Pope Francis and God’s Mysterious Ways

As you may have heard, Pope Francis is in a bit of hot water for, apparently, using a slur for gay men while discussing conditions in Catholic seminaries.  This is a big deal for the mainstream press, mostly because they thought Francis was their guy and that they didn’t have to worry about him being a “bigot” like, you know, all the rest of those Catholics.  And yet…

Francis was quoted by Italian media as using the Italian term “frociaggine”, roughly translating as “faggotness” or “faggotry”, in a closed-door May 20 meeting with Italian bishops.
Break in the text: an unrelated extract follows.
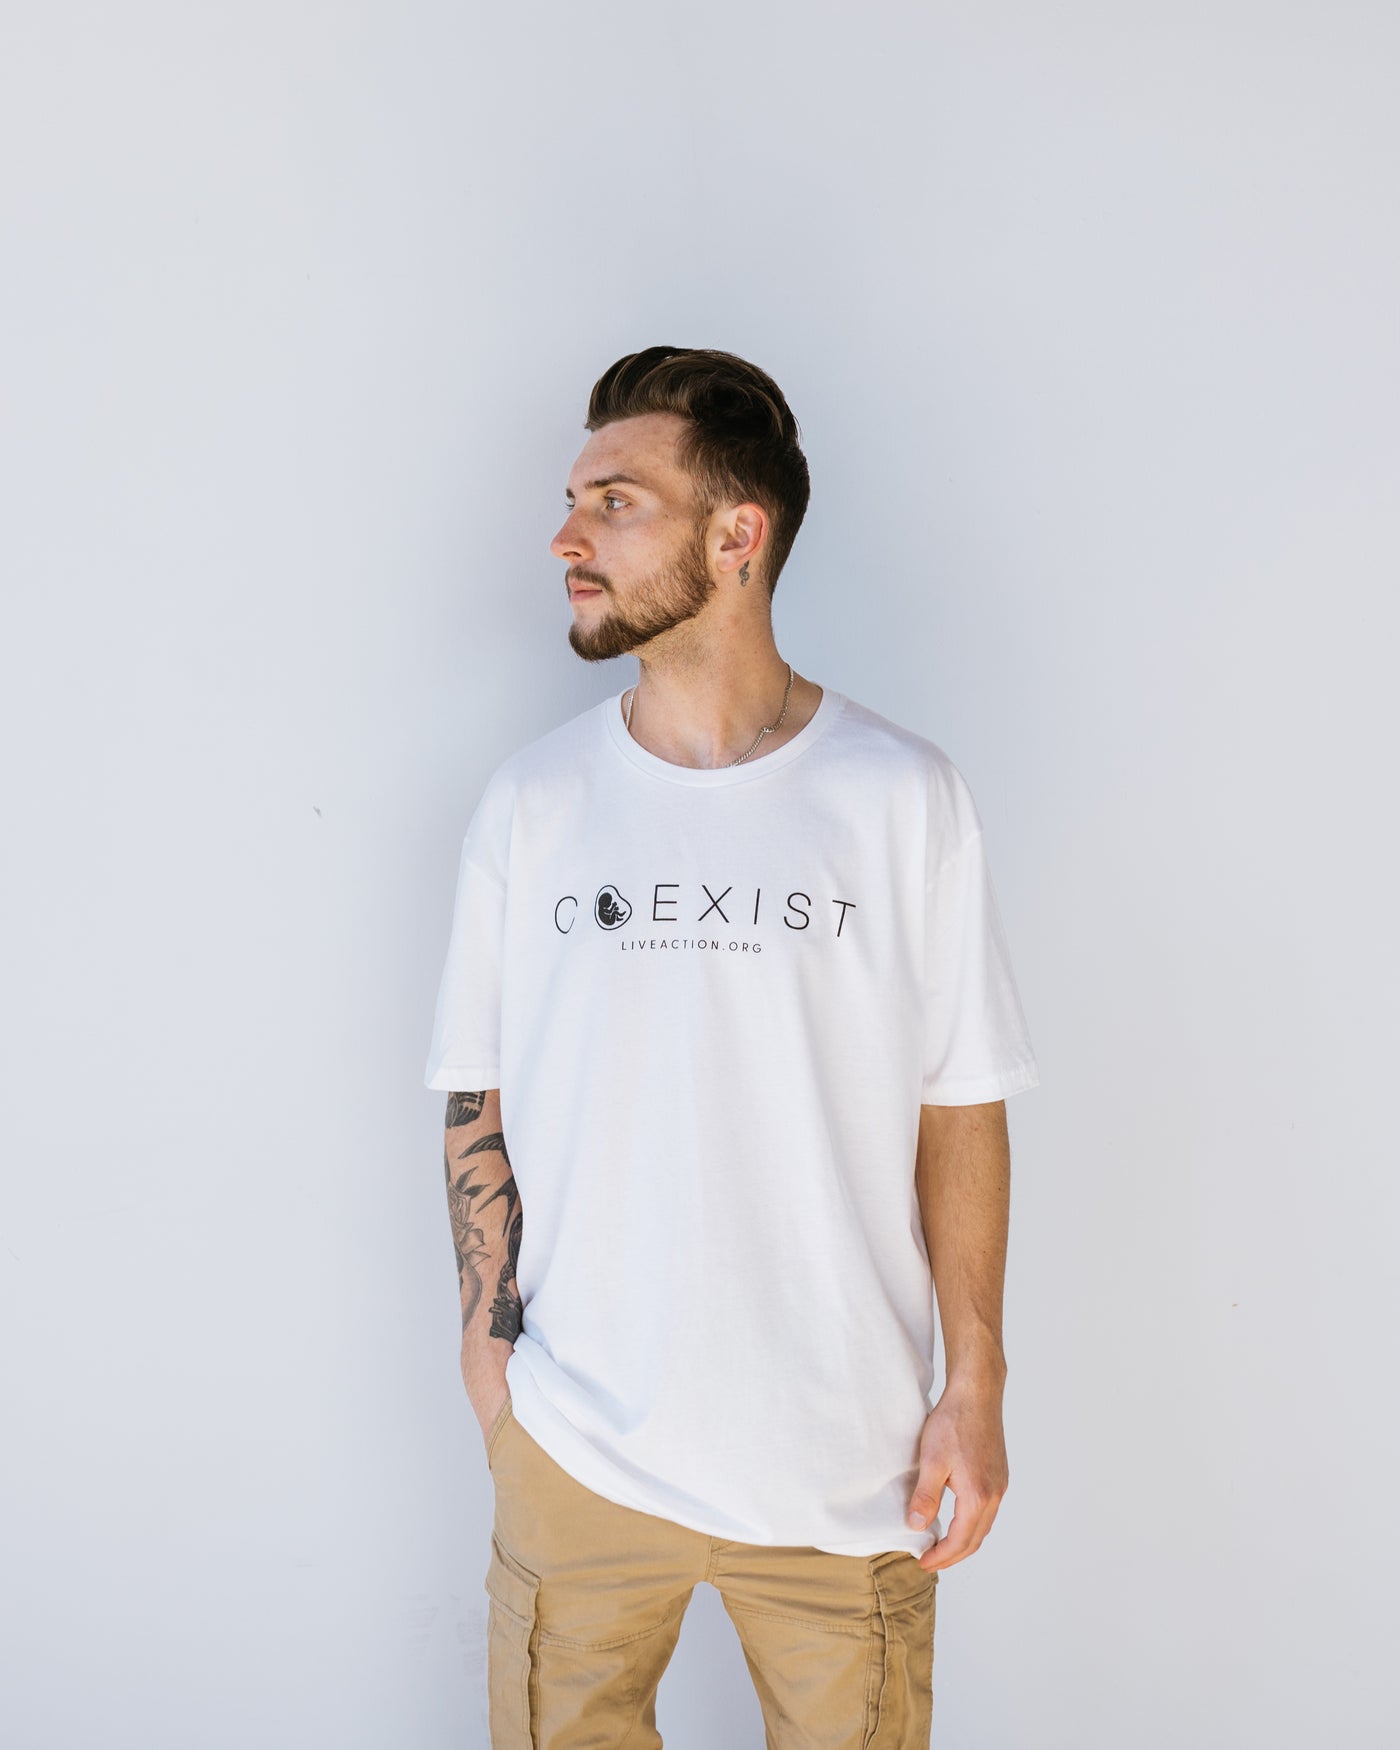 A man with brown hair and a short beard in a white tee with the word "COEXIST" written across the chest in fine black font. Inside the misshapen O is a preborn baby. Underneath the main text is Live Action's website written in small font.

The Vatican issued an apology, but after that, other Italian reports attributed more gay slurs to the pope, as well as chauvinist language associating women with gossip, in a separate meeting with Roman priests.

Friends of the pontiff and top Vatican watchers insist that what has possibly been the biggest PR disaster of his 11-year papacy should not obscure his record as a reforming, LGBT-friendly pope.

However, some say the 87-year-old’s gaffe fits into a pattern of papal missteps that undermine his authority and raise questions about his convictions and the reform path he has in mind for the Church.

The key to understanding why this is a “PR” disaster is right there in the last paragraph.  The Pope’s “missteps” could “raise questions about his convictions and the reform path he has in mind for the Church.”  We can’t have that, obviously.  The “reform path” is what matters about this papacy.  It’s what separates the Argentine Jesuit from his predecessors, the German Grand Inquisitor and the Polish Communist-hater.  It – along with his love for trees, granola, and Volkswagen microbuses – is what makes Francis so great, so different from all the rest of those hateful “right-wing” mackerel snappers.

To be clear, I have no interest in defending the Pope for his indelicate language.  Been there.  Done that.  One of my greatest beefs with Pope Francis is his inability to say what he really means, to communicate clearly and effectively.  Vatican communications pros have spent virtually the entirety of his papacy cleaning up the messes he’s made by speaking before thinking.  I have always believed – and continue to believe – that his heart is in the right place but that he really, really (really) needs a minder with him at all times to tell him to shut his mouth or, at the very least, to pick his words more carefully.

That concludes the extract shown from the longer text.